We have added the 95% confidence intervals (using the β binomial model) for the estimate of each transmission pair in Supplementary file 3. As expected, they are quite large because each transmission pair has so few data points. We have aggregated these confidence intervals using a log-normal distribution as suggested and weighted each transmission pair by the number of donor iSNV as performed in Sobel Leonard et al., 2017 (the same study in which the β binomial model was first implemented). The associated text now reads, “We also fit a long-tailed, discrete distribution based on the lognormal. As expected, this analysis resulted in a slightly wider distribution with a mode of 1, a 95^th percentile of 11 and a 97.5^th percentile of 21.” This analysis was run up to a maximum bottleneck of 1000. We have also added a curve to the bottleneck models in Figure 3 showing the probability that a variant will be transmitted given its frequency in the donor and a bottleneck of 10. This gives an indication of the fit of our aggregate bottleneck to the data.

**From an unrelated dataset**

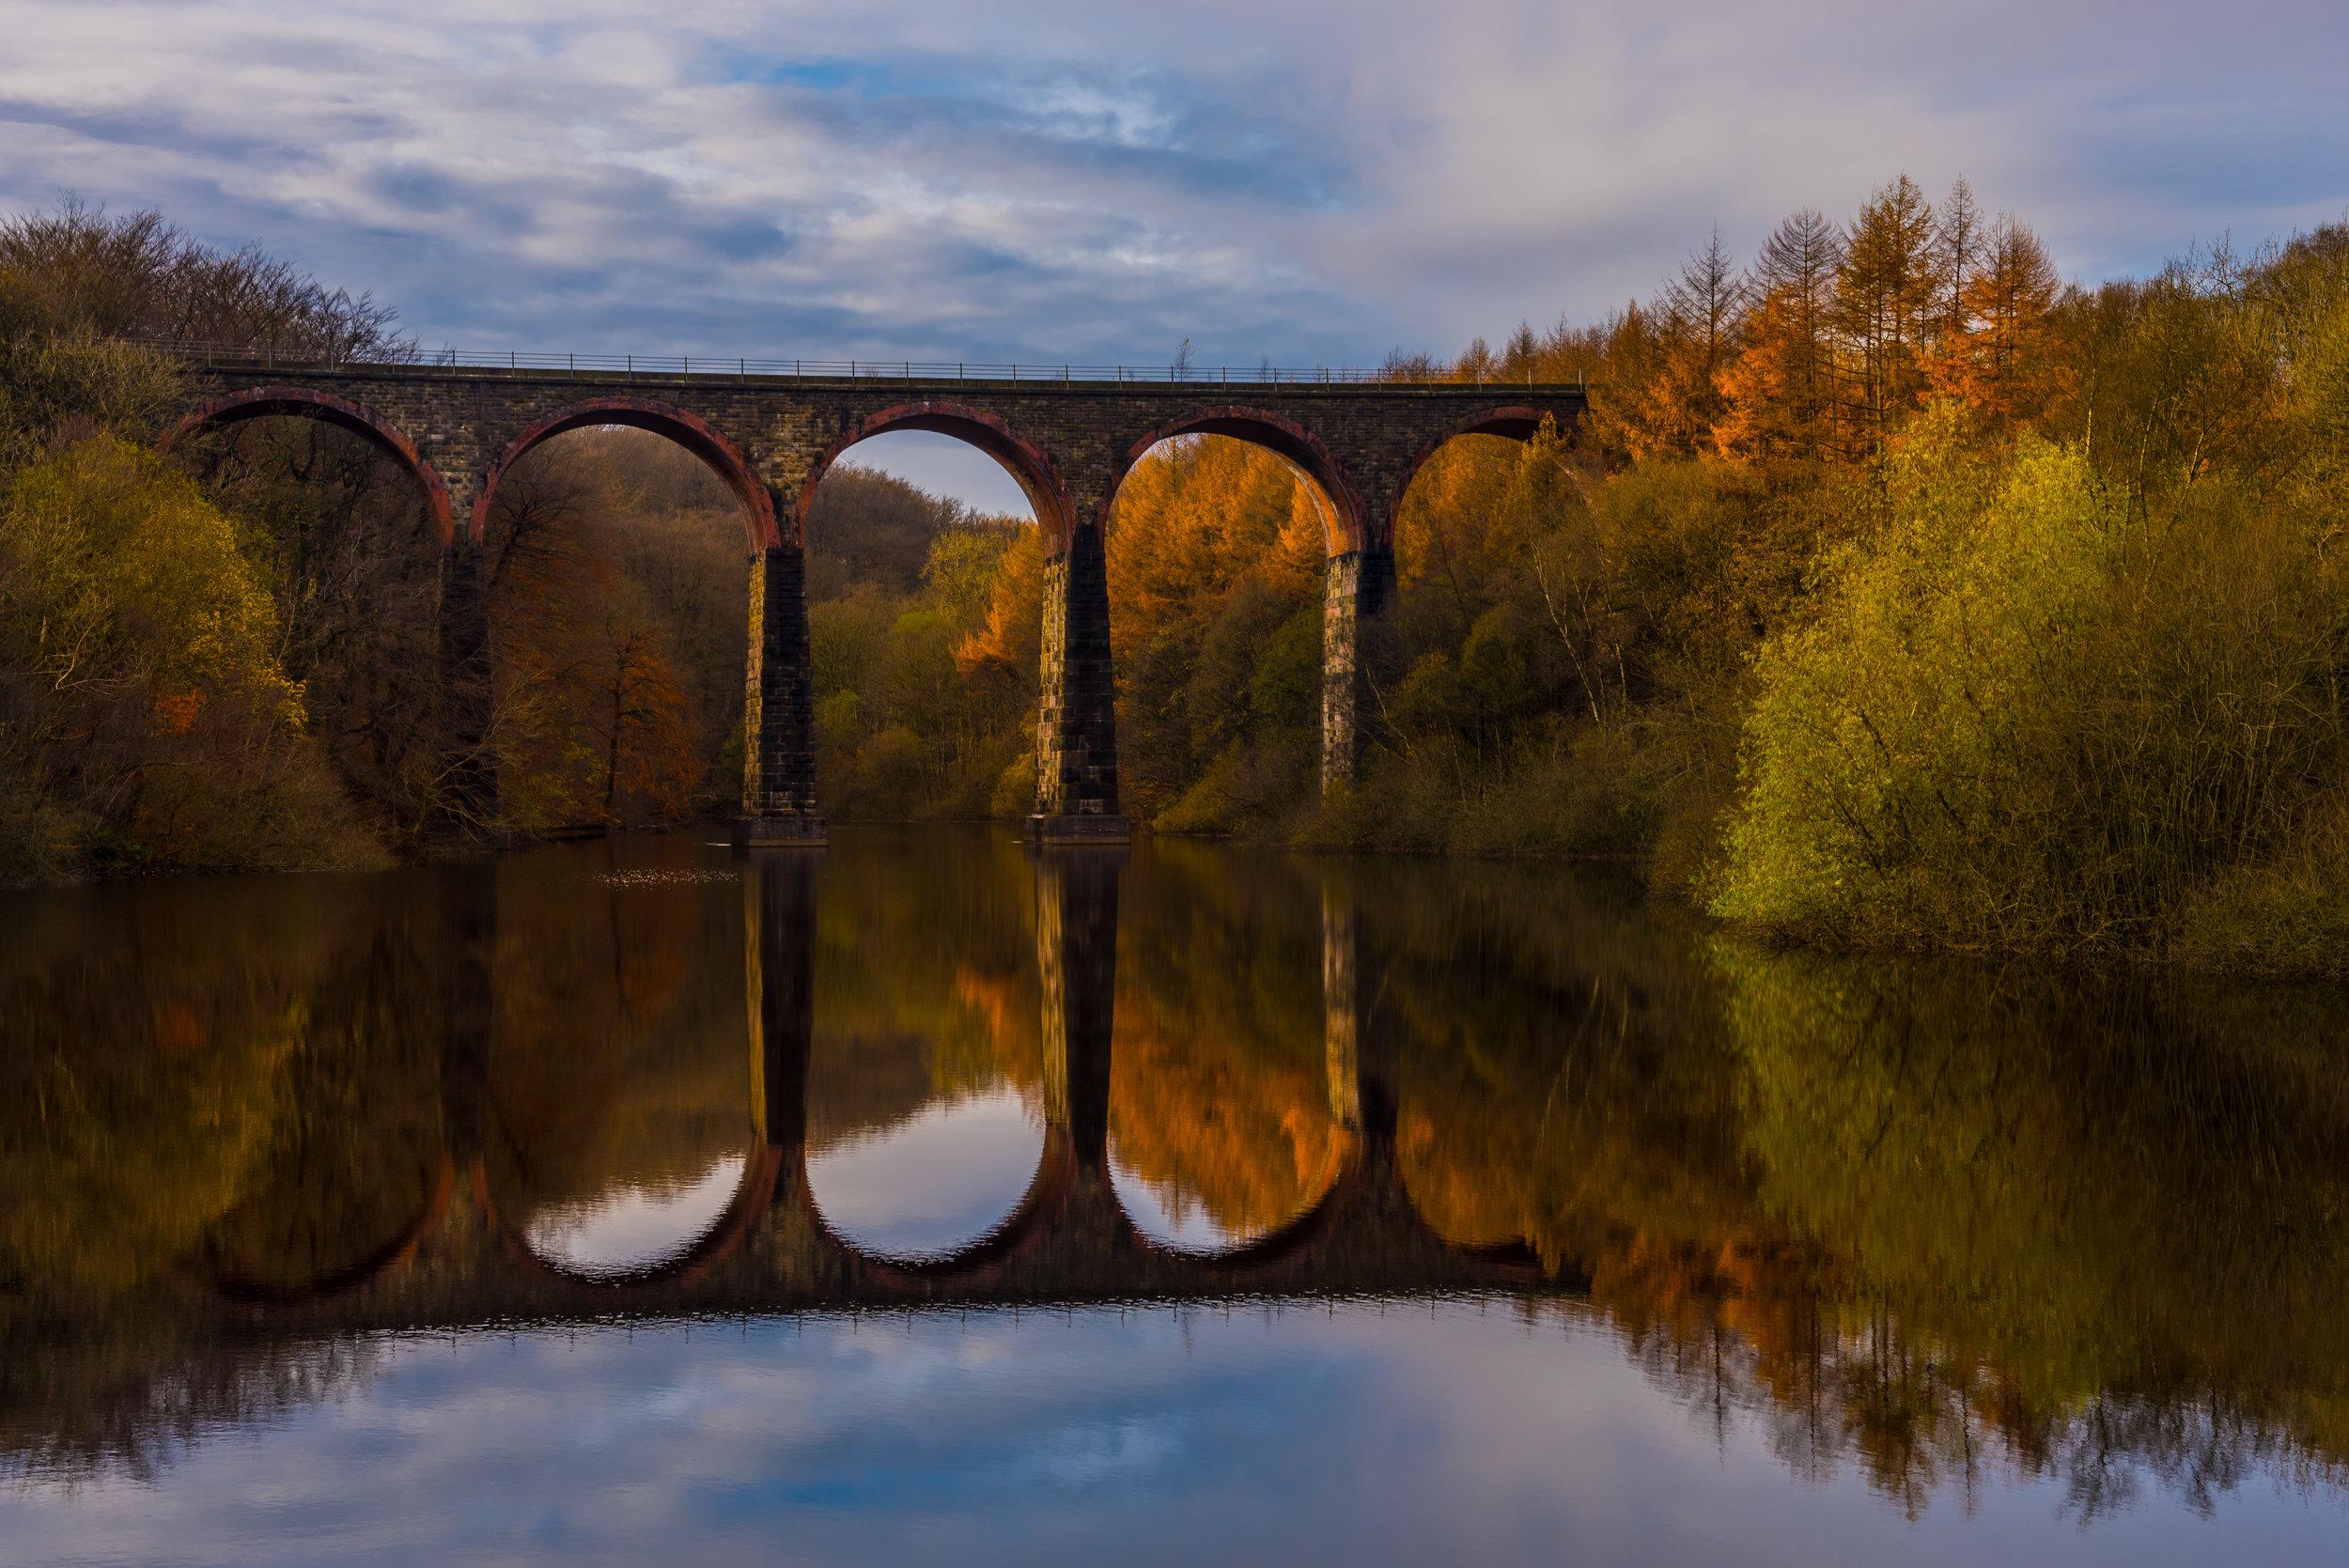 Entwistle viaduct, embraced by autumn colours.

In addressing this comment and those above, we noticed a “bug” in our code for plotting the β-binomial model in Figure 4E (now Figure 3E). The estimates and model fit as reported in the text were correct, but the plot was not. We have replaced this panel with the correct plot and apologize for our error. Consistent with the similarities in the results obtained through the presence-absence and β-binomial models, this plot is quite similar, but not identical to the one in Figure 3D.

3) Dependence of bottleneck estimates on sample pairings. We suggest, to estimate, bottlenecks from all possible different sample-pairings of donor and recipient in those transmission pairs where either has more than one sample available. In particular the difference between self-sampling and sampling in the clinics (Figure 2—figure supplement 1 suggests a possible systematic deviation) should be tested and discussed.

In the submitted manuscript we used the sample (home vs. clinic) that was obtained closer to the estimated time of transmission (based on onset of symptoms in the recipient). If the sample closest to the time of transmission had no minority SNV above 2%, we used the other sample (this is more conservative as we attempted to use all possible SNV data for these pairs). While we do not think that the data in Figure 2—figure supplement 1Ashow a systematic deviation, we do acknowledge that the choice of sample for these paired isolates from the 2014-2015 season entails certain assumptions about the transmission process. We have provided bottleneck estimates for all four possible combinations for which there are paired samples for each member of a pair as a source data file (Figure 3—source data 7).

We suggest resubmitting this manuscript as a short report focusing on transmission bottlenecks. Figure 4 is a plausible supplement to Figure 3.

We have moved Figure 4 to the supplement (now Figure 3—figure supplement 1) as suggested.